The faint sound of his name made Charlie stop.
Maria stood at the foot of the stairs, still as beautiful as ever, her face
alight with dawning hope and joy. She pressed one hand to her bosom and wet her
lips. The butler tactfully faded away, to Charlie’s consternation. The last
thing he wanted was to see Maria in any semblance of privacy.
“You came for me,” she whispered. “Finally. Oh,
Gresham . . .”
He held up his hands unsteadily as she rushed
toward him. “No. Maria,
no
.”
She reached for his hands, clasping them despite
his effort to avoid it. “I knew you would come, I knew it—oh, darling, you’ve no
idea how desperately I’ve longed for you these last interminable years
. . .”
“I’ve just seen Worley.”
“Oh—but of course you must!” She stepped closer,
her smile blinding. “He’ll have to file a suit, naturally—it will be dreadful,
but in the end we can be together—oh, Gresham, you are the best of men to endure
it for me!”
He couldn’t bear to let her go on deceiving
herself. He couldn’t stand to hear any more of her wild hopes and plans, so he
moved to end them now, once and for all. “He told me about Albert. I saw the
boy.”
She paused, then laughed lightly, but not before he
caught the flicker of unease in her eyes. “Of course he would. A son and heir!
Nothing else matters to him. Albert is paraded around like a prize-winning
colt.”
“He told me you claimed the boy was mine.”
Her chin quivered at his tone. “I was angry—Worley
knows I don’t mean a word I say in anger. We were quarreling—these things happen
between husbands and wives . . .”
“Maria, is he my child?” His question stopped her
nervous chatter. She regarded him with disappointment, her expressive eyes
shadowed. “Because if you’re not certain beyond all doubt that he is,” Charlie
went on, finally losing some grip on his temper, “how dare you say such a thing
to your husband? How dare you impugn your son’s lineage?”
She shrugged one shoulder. Her mouth twisted.
“Impugn! Nothing can keep Albert from inheriting Worley’s title.”
“That hardly matters to your husband!” He inhaled
deeply to master his anger. “Is it true? Is he my child?”
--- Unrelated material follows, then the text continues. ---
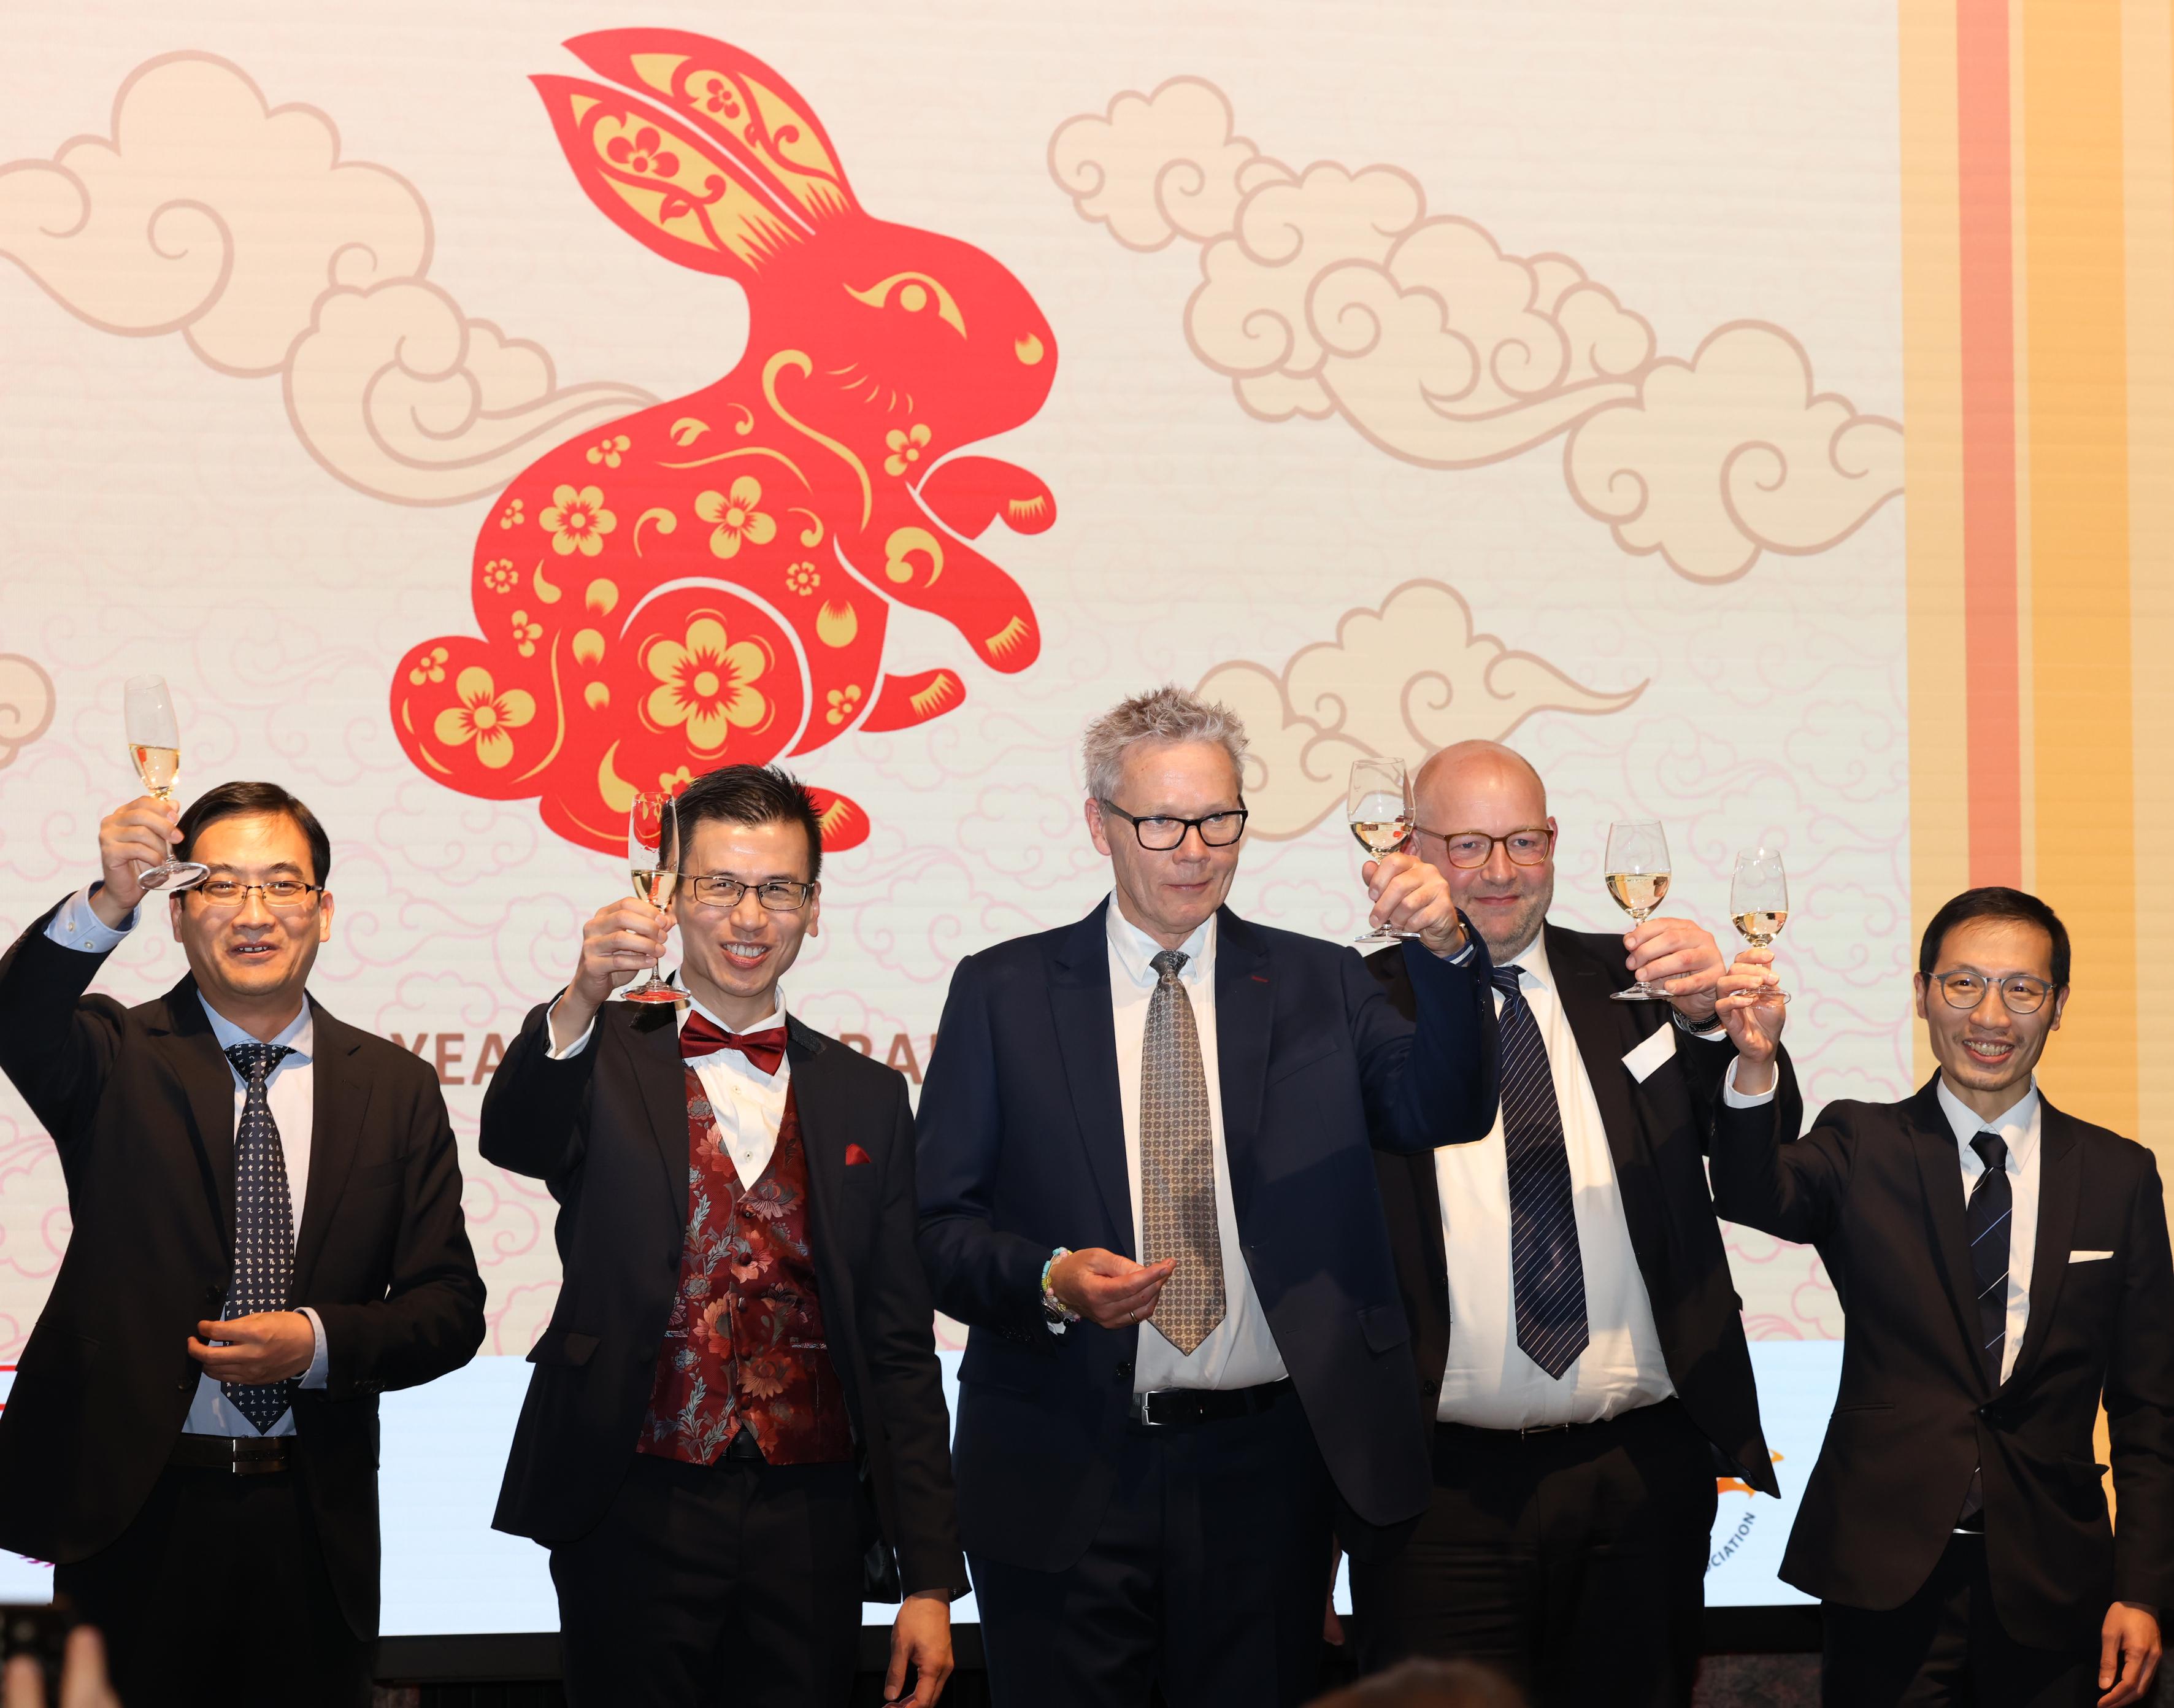 The Hong Kong Economic and Trade Office, London (London ETO) co-hosted receptions in Copenhagen, Denmark, and Stockholm, Sweden, with local business associations on February 7 and 8 respectively for celebrating the Year of the Rabbit. Photo shows (from left) the Minister-Counsellor of the Embassy of the People's Republic of China in the Kingdom of Denmark, Mr Qin Jie; the Director-General of the London ETO, Mr Gilford Law; the Secretary General of the Denmark-Hong Kong Trade Association, Mr Jesper Faber Stuhr; the Chairman of the Denmark-Hong Kong Trade Association, Mr Nikolaj Juhl Hansen; and the Regional Director for Europe, Central Asia & Israel of the Hong Kong Trade Development Council, Mr Silas Chu, toasting at the Copenhagen reception.

She hesitated, her expression wary. “I don’t know.
Truly, I don’t.”
Charlie swallowed a string of curses. “How could
you?”
“How could I?” She shook her head, tears glimmering
in those magnificent eyes. “How could I want one moment of happiness, with the
man I had loved for years? How could I crave one night of bliss out of the years
of misery? Can you even ask?”
“How could you risk this? You had to know your
husband wouldn’t look the other way. He says he loves the child now, but who
knows if his feelings will change as the boy grows? And I—” He had to pause for
a moment. “If he is my son, you’ve forever deprived me of him. How could you do
that to all of us?”
Her lip trembled but she put up her chin. “I wasn’t
thinking of that. I was only thinking of how unhappy I was, and how desperately
I longed for you.”
Charlie longed to shake her even as he pitied her.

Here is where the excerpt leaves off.